Nelson

“Denny, Nelson, and the Dishonourables” by Grenville Phillips II

“Denny, Nelson, and the Dishonourables” by Grenville Phillips II

Nelson

Yesterday (Sat 22 Aug 2020), David Denny led a protest against Nelson’s statue. I promised that I would join Denny, if anyone could provide any credible evidence supporting the claims made against Nelson. No one did.

I have repeatedly stated that if Nelson is really this evil racist enslaver, and white-supremacist mass-murder of 9,000 Barbadian enslaved, as out historians are claiming, then the statue should be destroyed immediately.

Will the Jews tolerate a statue of Hitler in Israel? Will the residents of New York tolerate a statue of Osama bin Laden? Will the American Indians tolerate a statue of Custer on their reservation? Of course not.

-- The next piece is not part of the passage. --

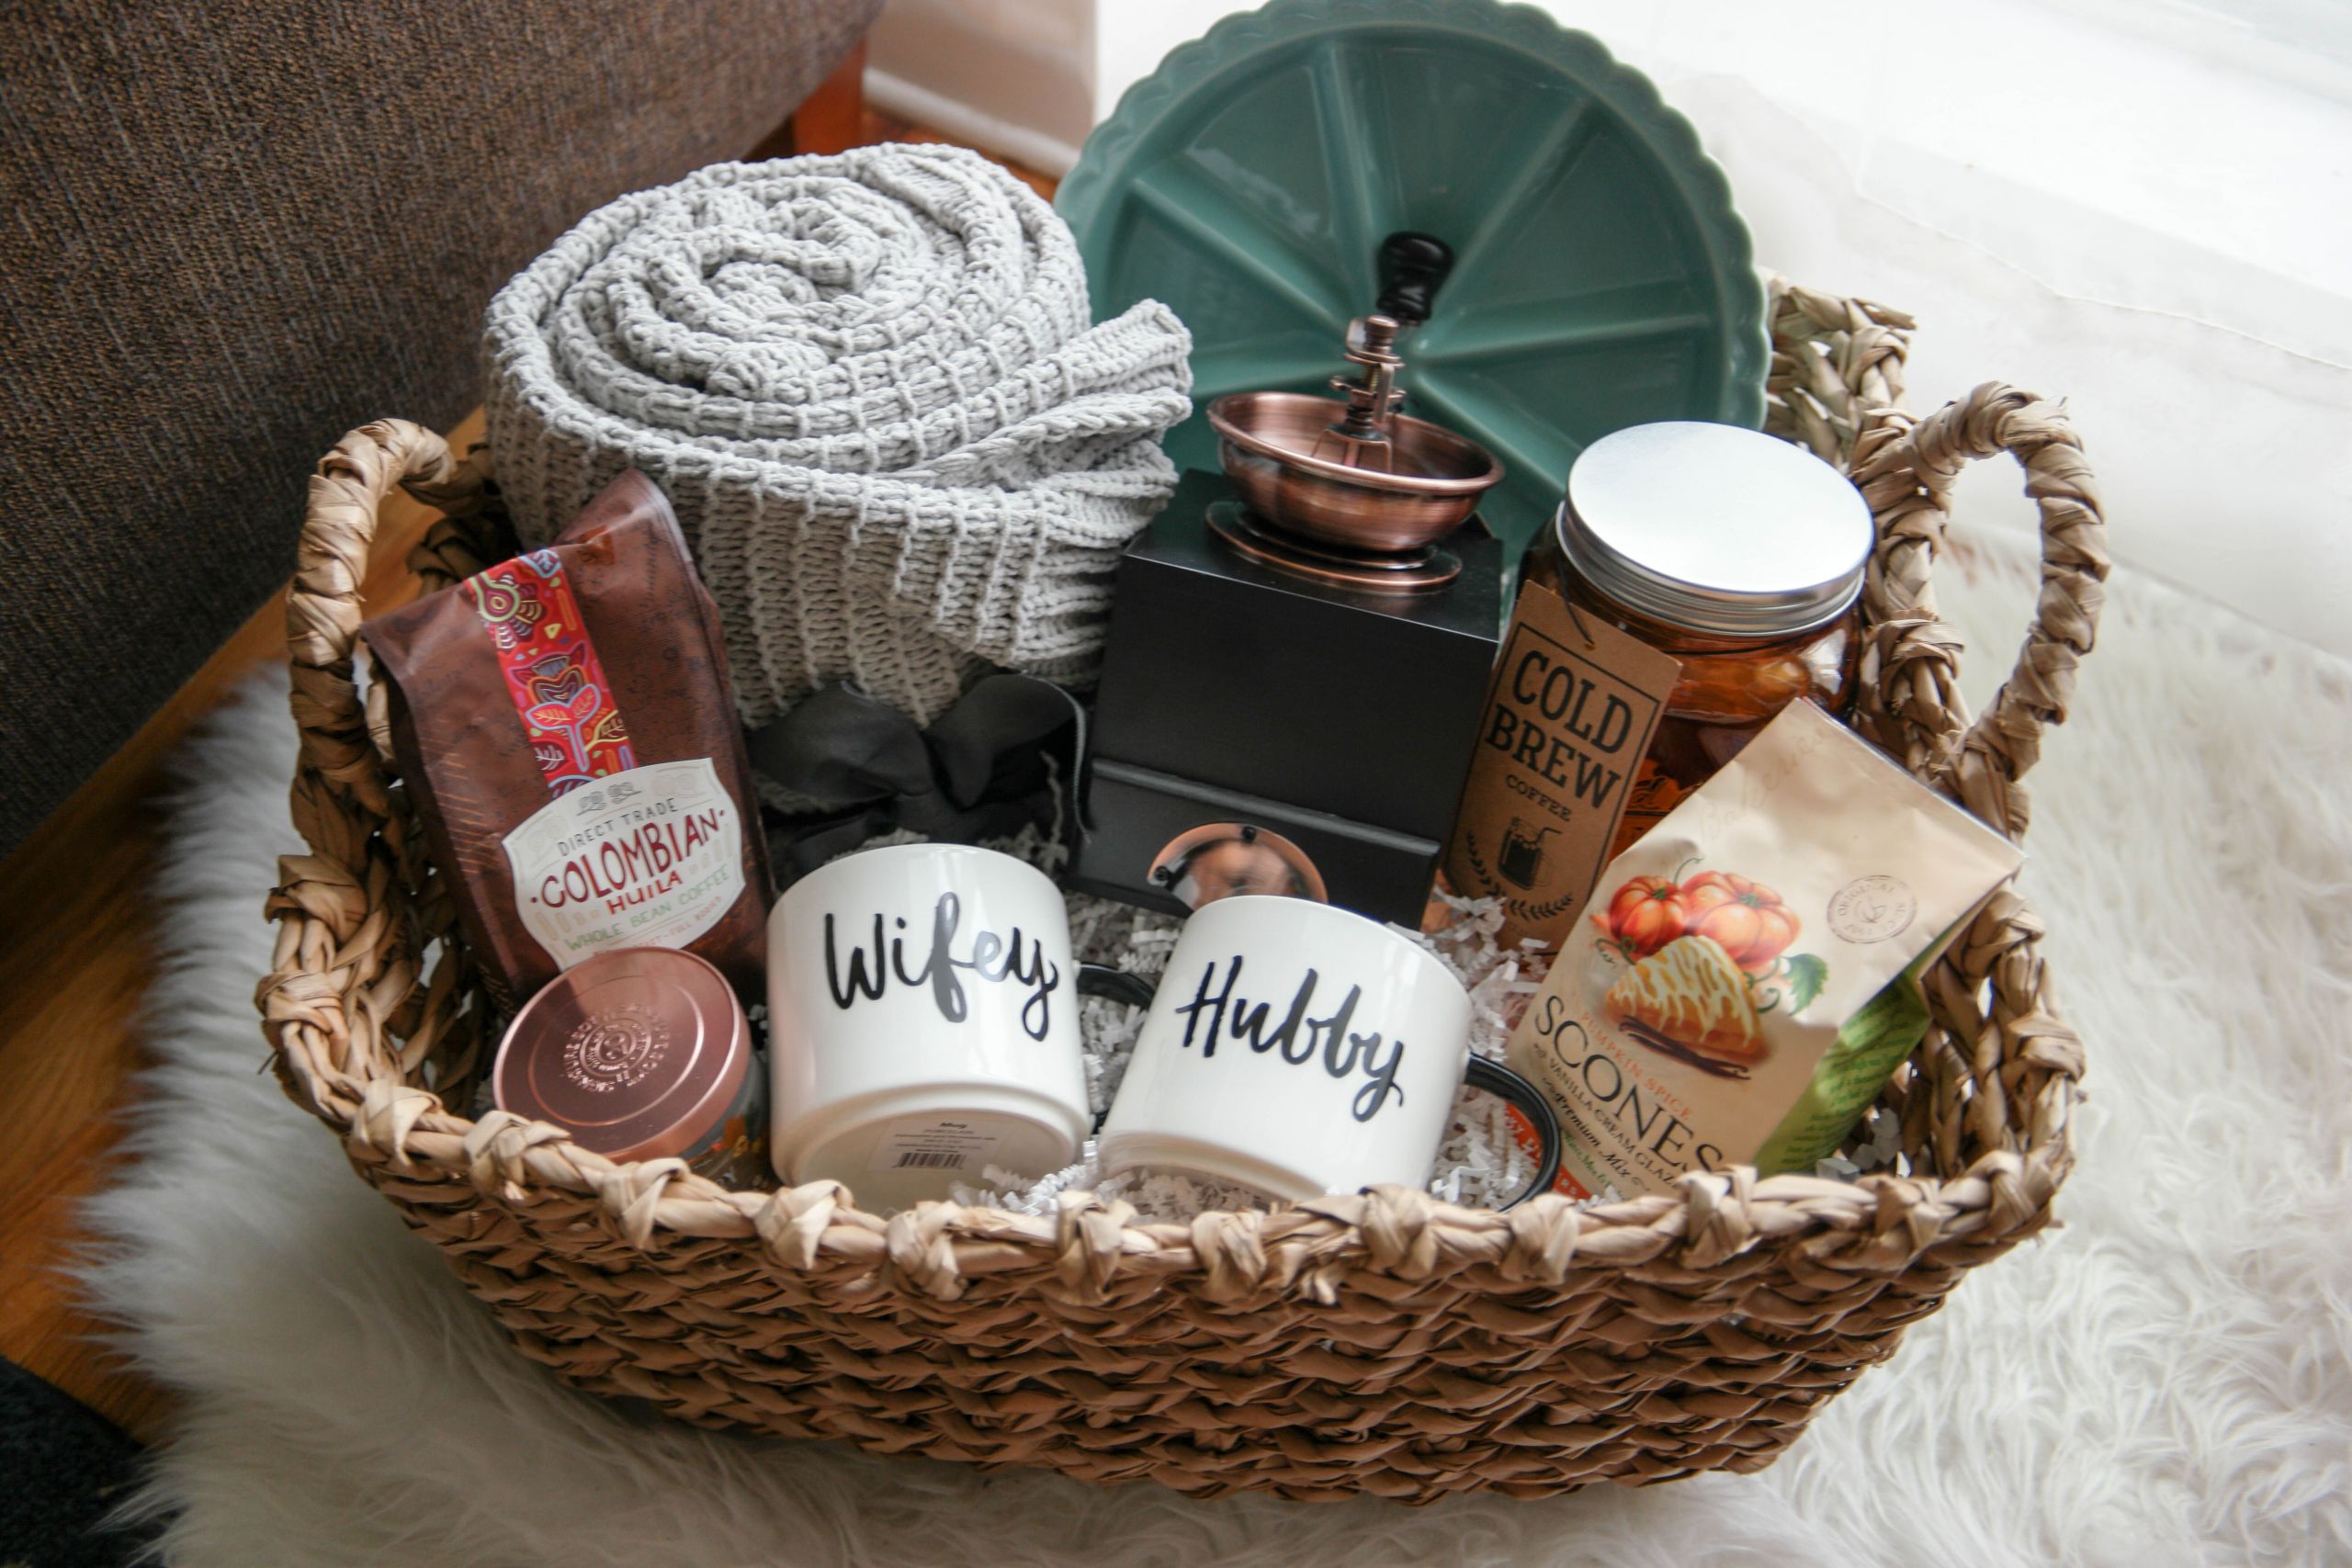 Cool Wedding Gift Ideas For Couples
 A Cozy Morning Gift Basket A Perfect Gift For Newlyweds

Therefore, Nelson’s statue should not put in any museum to be examined, or thrown into the wharf to be retrieved, or sold to be admired by others, but destroyed – completely.

I will personally rent the jack-hammer, and dare the police to stop me from doing what was good and right and honourable. But before I commit myself to that course of action, I simply requested the evidence. None was provided.

When I went looking for the evidence for myself, it seemed that we were all misled – to support an agenda. I thought that historians were ethically bound to honestly analyse the historical record of evidence. They are not supposed to ignore inconvenient parts, and invent things to fit an activist agenda.

THE EVIDENCE.

The actual evidence is that in an age when everyone, including the most ardent abolitionist, was a racist, Nelson appeared to be the rare non-racist. Further, there is no evidence that he enslaved anyone. Rather, he appeared to have freed more slaved outside of North America, than any other person during that era.

If Barbadian planters and merchants knew of Nelson’s anti-slavery writings, they would probably have opposed erecting the statue. Our historians have easy access to these writings, yet, they still invented a myth of Nelson being a racist enslaver and mass-murder.

The Government has chosen to ignore all the historical evidence, easily available to them, and made policy decisions based on the unsupported agenda-biased fiction of activists. That is bad and wrong – and dishonourable.